Finances locales - Gilles Carrez prône le gel absolu des dotations de l'Etat aux collectivités
Les dotations de l'Etat aux collectivités locales (50,8 milliards d'euros en 2010) doivent rester "stables en valeur", vient de préconiser Gilles Carrez, président du groupe de travail sur la dépense locale, qui livrera ses conclusions finales d'ici la tenue, le 20 mai prochain, de la conférence des déficits publics. "L'Etat avec tous ses déficits ne peut plus assurer l'indexation (sur l'inflation) des dotations dans les prochaines années", a expliqué le député à l'AFP. "A partir de là, il faut que les collectivités locales s'adaptent", a-t-il poursuivi. Le très influent rapporteur général du Budget, qui préside aussi le Comité des finances locales, avait déjà déclaré à la fin de l'été dernier que, pour lui, le gel strict des dotations de l'Etat n'était pas inenvisageable. Il excluait toutefois une évolution à la baisse des dotations.
Ces annonces interviennent à l'issue d'une série de réunions hebdomadaires du groupe de travail qui réunit des représentants des collectivités territoriales et des ministères concernés. Réalisé avec l'aide des professeurs Alain Guengant et Guy Gilbert, deux éminents spécialistes des finances locales, un état des lieux de la dépense locale a été dressé. Il met notamment en exergue la forte corrélation entre le potentiel financier des communes et le niveau de leurs dépenses. Pour faire simple : plus une ville est riche, plus sa propension à dépenser est grande. Or, ces dépenses sont-elles toujours bien nécessaires ? Récemment, le président du Comité des finances locales s'est interrogé devant des journalistes sur ce sujet. En matière de sécurité par exemple, il se demandait en substance si telle ville riche a vraiment besoin de dépenser des milliers d'euros pour équiper ses rues de caméras de vidéo-surveillance, alors que telle autre, moins aisée, ne dispose pas des moyens pour en acheter.
Indispensable péréquation
L'Association des petites villes de France dénonce un "nouveau tour de vis" imposé aux collectivités locales. Elle rappelle que les maires n'ont pas prise sur la plupart des dépenses communales (qu'il s'agisse des dépenses liées à l'inflation des normes, au déroulement de carrière des agents territoriaux ou au prix des matières premières...).
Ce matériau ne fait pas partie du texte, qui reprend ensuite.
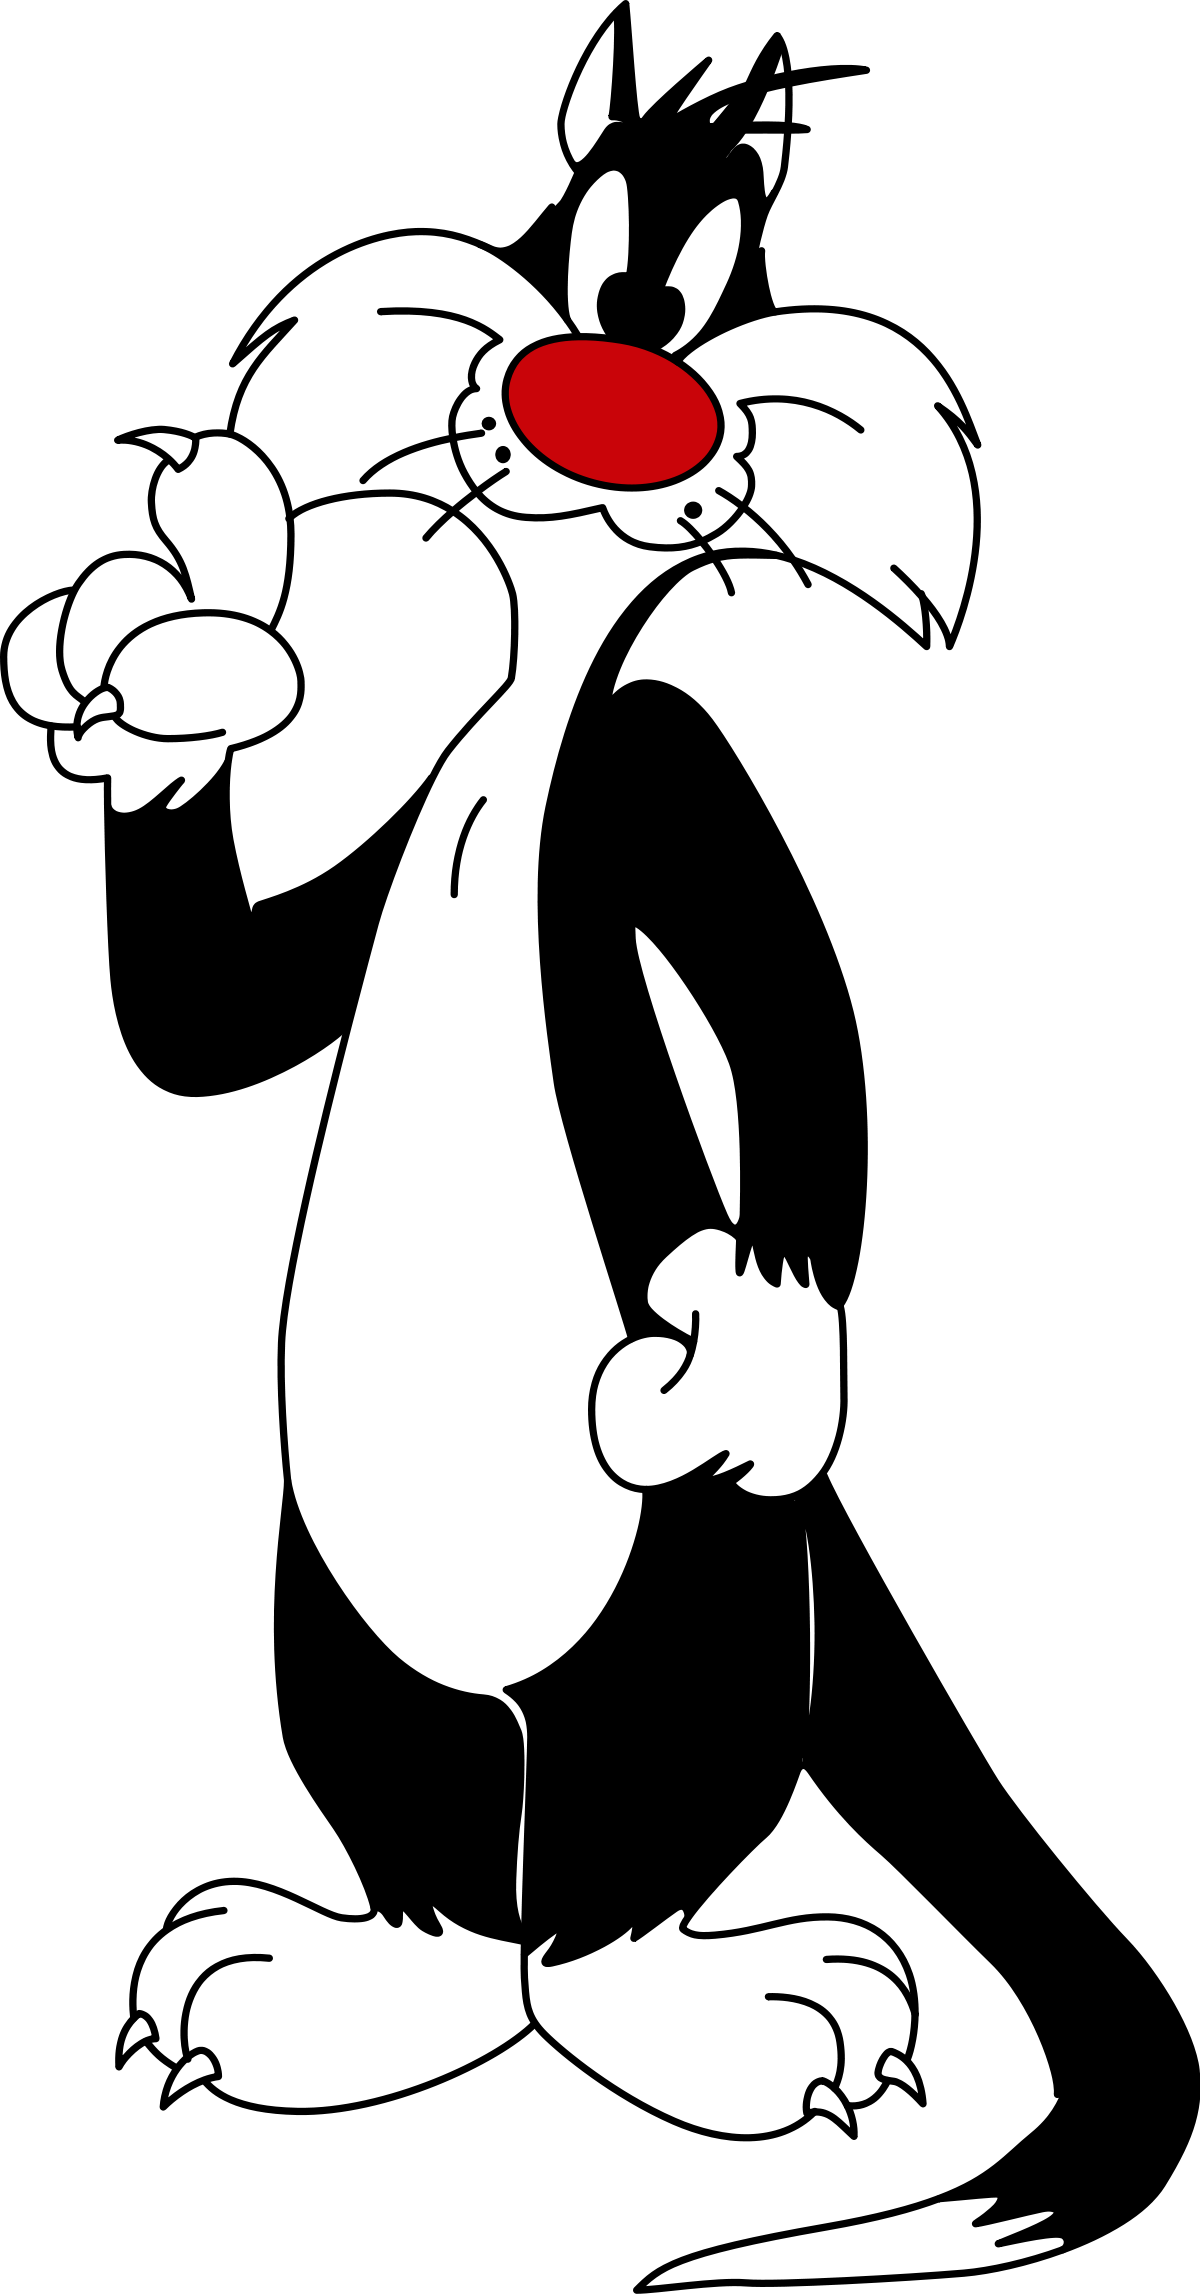 Sylvester the Cat - Wikipedia

Philippe Laurent, président de la commission Finances de l'Association des maires de France déclare, lui, ne pas être surpris par la proposition de Gilles Carrez. Il pose les conditions de son application. Un gel devra "impérativement s'accompagner de la mise en oeuvre d'une politique de péréquation plus déterminée". Pour le maire de Sceaux, "cela signifie clairement que, pour certaines collectivités disposant d'un potentiel financier plus élevé que la moyenne, le gel global se traduira par un prélèvement net sur leurs ressources. Ce mouvement a certes été amorcé en 2009, mais il devra nécessairement être amplifié", conclut-il.
Les élus locaux sont satisfaits par l'absence de propositions consistant à imposer un objectif de dépense pour les collectivités - l'équivalent de l'Ondam qui s'applique aux dépenses de santé. Le rapporteur général du Budget avait, dès le début, déclaré qu'il était hostile à cette solution préconisée par le rapport remis en mars 2009 par le comité pour la réforme des collectivités locales.
Gilles Carrez va proposer, par ailleurs, de revoir les dispositifs sociaux gérés par les départements, afin qu'ils soient moins coûteux, affirme le quotidien Les Echos dans son édition du 29 avril.
Thomas Beurey / Projets publics
Boom des dépenses communales
En vingt ans, les dépenses des départements et des régions sont restées quasi stables (hors transferts), tandis que celles des communes et intercommunalités ont progressé à un rythme supérieur à la croissance du PIB, constatent les experts de Bercy. Les plus dépensiers ne sont donc pas forcément ceux que l'on croit. "Attention aux lectures trop rapides", réagit Philippe Laurent, président de la commission Finances de l'Association des maires de France. "Si l'on met de côté les transferts de compétences, les départements ne font rien de plus qu'en 1980, ils en font même peut-être moins. Dans les Hauts-de-Seine par exemple, les crèches départementales ont été municipalisées. Les communes, elles, en font beaucoup plus qu'il y a 20 ans, du fait de la demande sociale", analyse Philippe Laurent.